» Problem to work on:
Will you return, word for word, only the lines from the top of the data below down to and including the one with "Tổng Bí thư, Chủ"?

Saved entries

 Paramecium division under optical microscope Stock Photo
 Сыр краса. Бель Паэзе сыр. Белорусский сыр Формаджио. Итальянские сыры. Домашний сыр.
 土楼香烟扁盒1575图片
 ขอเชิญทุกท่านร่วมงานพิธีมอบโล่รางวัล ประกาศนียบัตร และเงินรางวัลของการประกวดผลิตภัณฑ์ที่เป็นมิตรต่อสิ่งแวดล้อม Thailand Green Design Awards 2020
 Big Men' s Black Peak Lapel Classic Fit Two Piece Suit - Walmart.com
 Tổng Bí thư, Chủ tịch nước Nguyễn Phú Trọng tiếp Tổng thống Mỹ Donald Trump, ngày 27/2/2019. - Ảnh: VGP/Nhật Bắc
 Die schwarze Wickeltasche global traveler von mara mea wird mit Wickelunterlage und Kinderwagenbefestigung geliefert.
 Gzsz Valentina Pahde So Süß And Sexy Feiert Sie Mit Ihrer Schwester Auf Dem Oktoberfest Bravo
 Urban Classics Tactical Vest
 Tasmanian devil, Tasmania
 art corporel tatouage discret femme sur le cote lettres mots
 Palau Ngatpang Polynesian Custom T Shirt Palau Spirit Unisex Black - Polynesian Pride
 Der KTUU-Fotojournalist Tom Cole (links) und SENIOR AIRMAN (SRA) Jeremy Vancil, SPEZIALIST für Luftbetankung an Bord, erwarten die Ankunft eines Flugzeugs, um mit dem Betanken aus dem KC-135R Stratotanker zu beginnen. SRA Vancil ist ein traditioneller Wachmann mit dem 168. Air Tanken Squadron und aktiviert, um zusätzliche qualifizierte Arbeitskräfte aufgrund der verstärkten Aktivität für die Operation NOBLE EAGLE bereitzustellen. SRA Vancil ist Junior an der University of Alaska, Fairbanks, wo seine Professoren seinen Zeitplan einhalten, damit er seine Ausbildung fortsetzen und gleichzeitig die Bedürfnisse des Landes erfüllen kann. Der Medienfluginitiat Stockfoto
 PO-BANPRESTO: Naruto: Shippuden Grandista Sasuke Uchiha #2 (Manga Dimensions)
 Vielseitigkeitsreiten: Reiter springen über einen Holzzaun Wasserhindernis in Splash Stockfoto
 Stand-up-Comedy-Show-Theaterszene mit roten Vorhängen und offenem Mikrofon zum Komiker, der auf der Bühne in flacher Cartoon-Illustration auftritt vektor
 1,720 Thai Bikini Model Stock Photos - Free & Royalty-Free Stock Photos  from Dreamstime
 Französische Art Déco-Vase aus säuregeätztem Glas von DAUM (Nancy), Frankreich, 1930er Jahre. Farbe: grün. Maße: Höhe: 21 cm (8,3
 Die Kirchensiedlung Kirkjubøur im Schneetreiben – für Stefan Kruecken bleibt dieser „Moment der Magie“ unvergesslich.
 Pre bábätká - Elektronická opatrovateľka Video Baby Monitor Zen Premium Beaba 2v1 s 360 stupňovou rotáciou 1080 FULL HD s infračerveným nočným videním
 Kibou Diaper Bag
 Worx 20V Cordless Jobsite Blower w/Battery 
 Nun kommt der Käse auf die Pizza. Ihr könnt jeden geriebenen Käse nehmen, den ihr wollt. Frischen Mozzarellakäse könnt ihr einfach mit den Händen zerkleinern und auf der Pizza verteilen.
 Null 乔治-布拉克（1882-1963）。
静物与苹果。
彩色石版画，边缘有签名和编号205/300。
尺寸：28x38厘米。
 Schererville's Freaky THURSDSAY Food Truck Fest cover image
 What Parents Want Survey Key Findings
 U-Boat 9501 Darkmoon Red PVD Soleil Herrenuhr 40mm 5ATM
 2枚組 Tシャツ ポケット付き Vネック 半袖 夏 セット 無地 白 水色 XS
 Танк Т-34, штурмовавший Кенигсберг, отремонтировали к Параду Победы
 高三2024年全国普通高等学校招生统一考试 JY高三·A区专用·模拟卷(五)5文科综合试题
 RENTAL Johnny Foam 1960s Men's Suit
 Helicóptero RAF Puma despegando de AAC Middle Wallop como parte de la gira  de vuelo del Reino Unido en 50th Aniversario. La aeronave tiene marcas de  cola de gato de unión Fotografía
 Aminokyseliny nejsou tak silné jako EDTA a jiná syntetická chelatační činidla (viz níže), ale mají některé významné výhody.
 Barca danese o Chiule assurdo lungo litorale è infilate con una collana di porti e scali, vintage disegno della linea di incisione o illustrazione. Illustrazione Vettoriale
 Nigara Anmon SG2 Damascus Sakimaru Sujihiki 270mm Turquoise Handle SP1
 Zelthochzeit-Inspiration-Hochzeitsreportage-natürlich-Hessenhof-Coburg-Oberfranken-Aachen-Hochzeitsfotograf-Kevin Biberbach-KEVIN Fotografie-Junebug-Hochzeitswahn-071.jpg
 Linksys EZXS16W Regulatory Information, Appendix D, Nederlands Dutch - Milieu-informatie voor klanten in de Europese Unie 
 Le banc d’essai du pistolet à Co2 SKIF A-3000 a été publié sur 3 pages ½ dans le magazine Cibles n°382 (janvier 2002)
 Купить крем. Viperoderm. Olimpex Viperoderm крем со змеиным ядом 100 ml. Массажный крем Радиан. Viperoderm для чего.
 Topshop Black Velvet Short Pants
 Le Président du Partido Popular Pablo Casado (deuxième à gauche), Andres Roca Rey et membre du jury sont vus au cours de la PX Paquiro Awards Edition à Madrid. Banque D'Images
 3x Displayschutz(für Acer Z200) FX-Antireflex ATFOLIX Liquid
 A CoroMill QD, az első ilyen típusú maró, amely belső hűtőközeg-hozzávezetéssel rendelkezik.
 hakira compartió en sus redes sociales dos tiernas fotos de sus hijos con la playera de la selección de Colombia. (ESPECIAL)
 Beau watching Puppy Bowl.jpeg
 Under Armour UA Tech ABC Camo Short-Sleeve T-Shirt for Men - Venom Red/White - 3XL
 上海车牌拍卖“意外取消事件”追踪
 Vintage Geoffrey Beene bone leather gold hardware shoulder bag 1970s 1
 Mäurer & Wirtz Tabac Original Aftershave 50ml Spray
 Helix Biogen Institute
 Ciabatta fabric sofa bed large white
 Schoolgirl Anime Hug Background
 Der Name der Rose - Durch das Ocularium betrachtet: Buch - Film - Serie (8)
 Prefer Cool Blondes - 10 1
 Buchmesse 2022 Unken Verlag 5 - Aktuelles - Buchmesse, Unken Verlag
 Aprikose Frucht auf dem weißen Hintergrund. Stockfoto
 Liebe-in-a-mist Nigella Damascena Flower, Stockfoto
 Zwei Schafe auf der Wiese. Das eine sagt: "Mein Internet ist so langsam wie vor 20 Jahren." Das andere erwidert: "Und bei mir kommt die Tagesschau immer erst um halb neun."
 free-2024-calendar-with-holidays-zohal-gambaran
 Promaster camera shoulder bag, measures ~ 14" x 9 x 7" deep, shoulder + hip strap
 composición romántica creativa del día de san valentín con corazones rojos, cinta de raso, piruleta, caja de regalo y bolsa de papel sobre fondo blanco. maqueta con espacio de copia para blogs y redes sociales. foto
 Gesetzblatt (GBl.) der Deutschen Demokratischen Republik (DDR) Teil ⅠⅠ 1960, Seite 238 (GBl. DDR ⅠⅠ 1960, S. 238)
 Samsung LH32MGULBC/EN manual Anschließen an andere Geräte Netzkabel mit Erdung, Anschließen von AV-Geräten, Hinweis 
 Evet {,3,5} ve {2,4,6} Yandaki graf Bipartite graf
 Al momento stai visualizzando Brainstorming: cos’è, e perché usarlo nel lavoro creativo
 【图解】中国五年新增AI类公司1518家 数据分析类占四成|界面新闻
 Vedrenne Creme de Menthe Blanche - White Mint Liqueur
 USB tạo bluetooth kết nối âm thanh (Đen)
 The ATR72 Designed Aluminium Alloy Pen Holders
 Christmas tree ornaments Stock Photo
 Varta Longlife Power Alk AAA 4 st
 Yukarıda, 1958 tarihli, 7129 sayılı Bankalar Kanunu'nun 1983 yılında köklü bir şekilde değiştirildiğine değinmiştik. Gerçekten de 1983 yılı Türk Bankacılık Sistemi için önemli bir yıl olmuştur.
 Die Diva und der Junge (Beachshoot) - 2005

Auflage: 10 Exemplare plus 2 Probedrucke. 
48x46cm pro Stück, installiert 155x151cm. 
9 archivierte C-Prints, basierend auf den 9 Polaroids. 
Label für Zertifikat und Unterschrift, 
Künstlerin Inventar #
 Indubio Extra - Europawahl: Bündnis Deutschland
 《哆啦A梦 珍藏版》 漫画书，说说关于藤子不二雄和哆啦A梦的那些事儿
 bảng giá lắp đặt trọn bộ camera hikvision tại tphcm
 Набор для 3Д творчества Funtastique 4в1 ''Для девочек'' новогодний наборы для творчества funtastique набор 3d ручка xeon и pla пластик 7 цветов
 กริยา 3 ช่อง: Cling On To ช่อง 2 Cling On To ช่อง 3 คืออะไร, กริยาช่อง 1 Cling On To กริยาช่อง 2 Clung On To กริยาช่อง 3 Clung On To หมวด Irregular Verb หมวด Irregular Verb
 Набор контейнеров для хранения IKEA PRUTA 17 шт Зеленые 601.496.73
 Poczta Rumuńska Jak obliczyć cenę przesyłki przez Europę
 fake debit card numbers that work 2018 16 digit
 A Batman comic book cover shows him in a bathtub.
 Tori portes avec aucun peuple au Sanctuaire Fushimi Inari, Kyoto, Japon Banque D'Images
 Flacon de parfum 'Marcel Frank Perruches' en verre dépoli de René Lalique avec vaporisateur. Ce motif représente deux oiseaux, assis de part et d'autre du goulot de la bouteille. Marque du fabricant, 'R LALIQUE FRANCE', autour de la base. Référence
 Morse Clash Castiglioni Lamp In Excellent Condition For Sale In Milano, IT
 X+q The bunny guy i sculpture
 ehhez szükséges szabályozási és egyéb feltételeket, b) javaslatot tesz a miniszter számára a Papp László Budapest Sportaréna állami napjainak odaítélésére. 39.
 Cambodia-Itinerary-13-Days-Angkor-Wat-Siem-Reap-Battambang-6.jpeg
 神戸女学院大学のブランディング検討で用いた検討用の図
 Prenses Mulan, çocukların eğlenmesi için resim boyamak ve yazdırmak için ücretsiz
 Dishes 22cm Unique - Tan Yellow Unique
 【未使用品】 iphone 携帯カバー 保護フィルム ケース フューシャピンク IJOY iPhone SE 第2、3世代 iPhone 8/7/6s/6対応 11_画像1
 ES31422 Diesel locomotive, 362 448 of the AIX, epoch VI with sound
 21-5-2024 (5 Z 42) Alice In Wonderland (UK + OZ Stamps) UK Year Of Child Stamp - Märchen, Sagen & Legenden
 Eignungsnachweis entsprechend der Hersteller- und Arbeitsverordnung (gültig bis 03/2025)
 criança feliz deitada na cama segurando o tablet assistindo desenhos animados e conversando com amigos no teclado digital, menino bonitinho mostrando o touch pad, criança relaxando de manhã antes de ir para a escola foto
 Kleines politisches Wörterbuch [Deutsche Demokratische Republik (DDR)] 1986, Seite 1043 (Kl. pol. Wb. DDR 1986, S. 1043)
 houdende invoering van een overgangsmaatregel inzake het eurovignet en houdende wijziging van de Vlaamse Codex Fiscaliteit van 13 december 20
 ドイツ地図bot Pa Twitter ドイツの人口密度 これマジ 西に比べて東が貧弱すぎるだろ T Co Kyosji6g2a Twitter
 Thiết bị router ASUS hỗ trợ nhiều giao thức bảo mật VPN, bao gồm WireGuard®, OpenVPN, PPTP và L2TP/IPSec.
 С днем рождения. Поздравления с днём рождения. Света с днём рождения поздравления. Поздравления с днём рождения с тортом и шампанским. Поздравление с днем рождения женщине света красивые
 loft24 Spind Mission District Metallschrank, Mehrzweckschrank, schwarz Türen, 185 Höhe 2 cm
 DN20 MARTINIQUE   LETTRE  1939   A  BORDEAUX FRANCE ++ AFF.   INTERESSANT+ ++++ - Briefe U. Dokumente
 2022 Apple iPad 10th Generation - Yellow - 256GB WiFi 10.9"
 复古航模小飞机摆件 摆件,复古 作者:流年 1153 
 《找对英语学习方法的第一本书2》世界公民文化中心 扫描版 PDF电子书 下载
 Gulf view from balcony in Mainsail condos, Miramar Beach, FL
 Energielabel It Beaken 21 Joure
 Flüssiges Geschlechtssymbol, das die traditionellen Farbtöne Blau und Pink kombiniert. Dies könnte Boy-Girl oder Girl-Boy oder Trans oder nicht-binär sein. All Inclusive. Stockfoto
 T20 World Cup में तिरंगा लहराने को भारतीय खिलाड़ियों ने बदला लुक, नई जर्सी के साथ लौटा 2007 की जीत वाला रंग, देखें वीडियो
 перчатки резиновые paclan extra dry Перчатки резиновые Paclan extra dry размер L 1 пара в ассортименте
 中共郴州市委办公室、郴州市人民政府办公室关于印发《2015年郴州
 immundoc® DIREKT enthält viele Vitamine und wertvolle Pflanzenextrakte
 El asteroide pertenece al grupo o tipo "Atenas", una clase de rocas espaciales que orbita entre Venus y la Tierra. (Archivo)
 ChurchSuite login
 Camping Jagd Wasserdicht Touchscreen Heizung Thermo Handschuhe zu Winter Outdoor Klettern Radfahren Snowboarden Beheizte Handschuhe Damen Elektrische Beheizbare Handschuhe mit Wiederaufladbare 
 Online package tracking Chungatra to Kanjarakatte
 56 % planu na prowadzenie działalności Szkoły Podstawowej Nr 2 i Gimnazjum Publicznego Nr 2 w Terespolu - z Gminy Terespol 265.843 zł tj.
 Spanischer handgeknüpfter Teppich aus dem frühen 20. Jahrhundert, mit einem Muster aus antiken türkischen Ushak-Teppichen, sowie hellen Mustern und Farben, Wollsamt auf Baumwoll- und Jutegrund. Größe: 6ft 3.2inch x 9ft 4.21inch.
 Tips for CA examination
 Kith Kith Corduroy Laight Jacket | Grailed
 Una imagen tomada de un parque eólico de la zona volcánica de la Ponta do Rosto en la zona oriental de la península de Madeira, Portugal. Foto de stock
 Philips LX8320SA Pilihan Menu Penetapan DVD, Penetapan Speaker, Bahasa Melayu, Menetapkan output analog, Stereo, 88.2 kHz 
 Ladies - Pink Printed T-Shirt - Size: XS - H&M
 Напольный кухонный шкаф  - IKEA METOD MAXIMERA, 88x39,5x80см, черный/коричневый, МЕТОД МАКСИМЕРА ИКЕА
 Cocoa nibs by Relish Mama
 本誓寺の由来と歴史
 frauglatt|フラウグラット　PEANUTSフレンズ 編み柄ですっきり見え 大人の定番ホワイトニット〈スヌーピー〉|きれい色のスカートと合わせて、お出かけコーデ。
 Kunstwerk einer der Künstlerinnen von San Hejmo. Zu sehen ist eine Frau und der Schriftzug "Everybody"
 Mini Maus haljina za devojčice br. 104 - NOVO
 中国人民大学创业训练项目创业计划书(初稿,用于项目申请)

» Reply to the exercise:
 Paramecium division under optical microscope Stock Photo
 Сыр краса. Бель Паэзе сыр. Белорусский сыр Формаджио. Итальянские сыры. Домашний сыр.
 土楼香烟扁盒1575图片
 ขอเชิญทุกท่านร่วมงานพิธีมอบโล่รางวัล ประกาศนียบัตร และเงินรางวัลของการประกวดผลิตภัณฑ์ที่เป็นมิตรต่อสิ่งแวดล้อม Thailand Green Design Awards 2020
 Big Men' s Black Peak Lapel Classic Fit Two Piece Suit - Walmart.com
 Tổng Bí thư, Chủ tịch nước Nguyễn Phú Trọng tiếp Tổng thống Mỹ Donald Trump, ngày 27/2/2019. - Ảnh: VGP/Nhật Bắc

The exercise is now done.